Longevity research is used to baby steps, but a recent discovery at the Salk Institute in La Jolla, Calif. is leading longevity researchers to suggest this work is huge baby step, if there's such a thing as that.

“This is huge,” Leonard Guarente, a biology of aging researcher at M.I.T., told the New York Times. “It’s a pretty remarkable finding, and if it holds up it could be quite important in the history of aging research.”

Guarente said the Salk Institute’s study that was released in a recent issue of the journal Cell showed that the organs of mice could be rejuvenated in a way that can slow down aging. In fact, it might be able to reverse aging. While the treatment that the Salk Institute tested is not immediately translatable in its current form to human biology, it is opening methods to anti-aging and reverse aging techniques that work for people.

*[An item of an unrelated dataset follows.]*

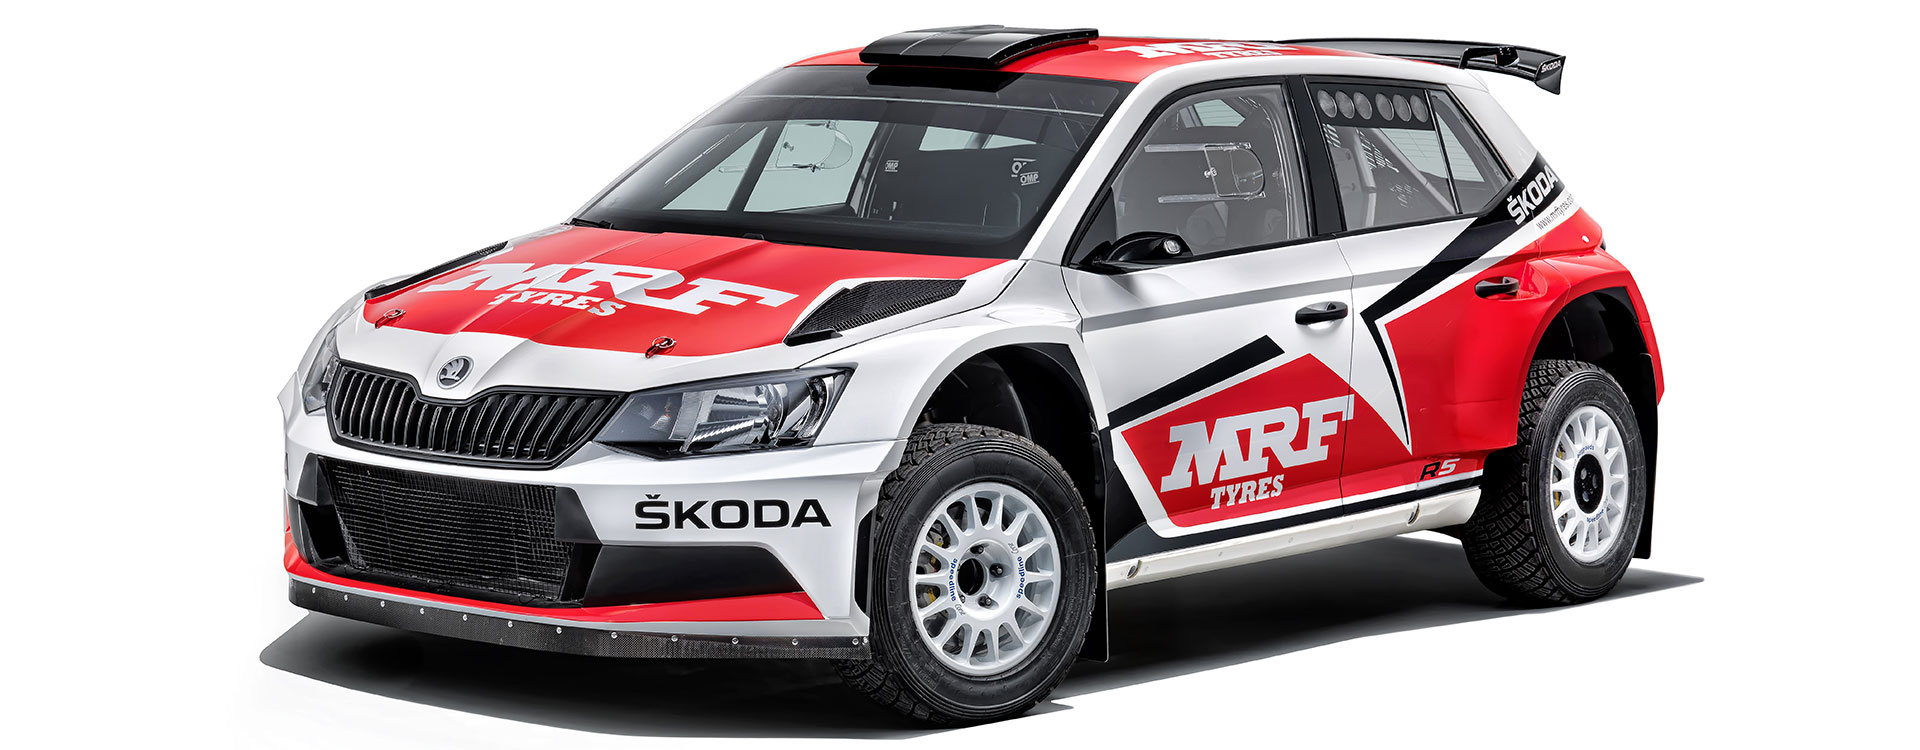 Asia-Pacific Rally Championship (APRC)

Juan Carlos Izpisua Belmonte, professor in the Gene Expression Laboratories at the Salk Institute for Biological Studies, took his inspiration from lizards, fish, and other creatures that can regenerate tails and limbs in developing this approach to solving the human aging problem. When an animal with the ability to regenerate limbs loses an appendage, cells near that site assume a state that is halfway between an embryonic cell and an adult cell before it begins to regenerate the new limb. An embryonic cell can be any type of cell, but an adult cell has a certain path it must follow.

Izpisua Belmonte theorized that adding a concoction of a compound -- an antibiotic called doxycycline -- could put cells into this middle state.

He tested it on mice with Hutchinson-Guilford progeria syndrome (HGPS). In humans, the syndrome causes children to develop conditions normally only experienced by the elderly, such as atherosclerosis. Children with HGPS often suffer heart attacks and strokes by the time they reach their teens.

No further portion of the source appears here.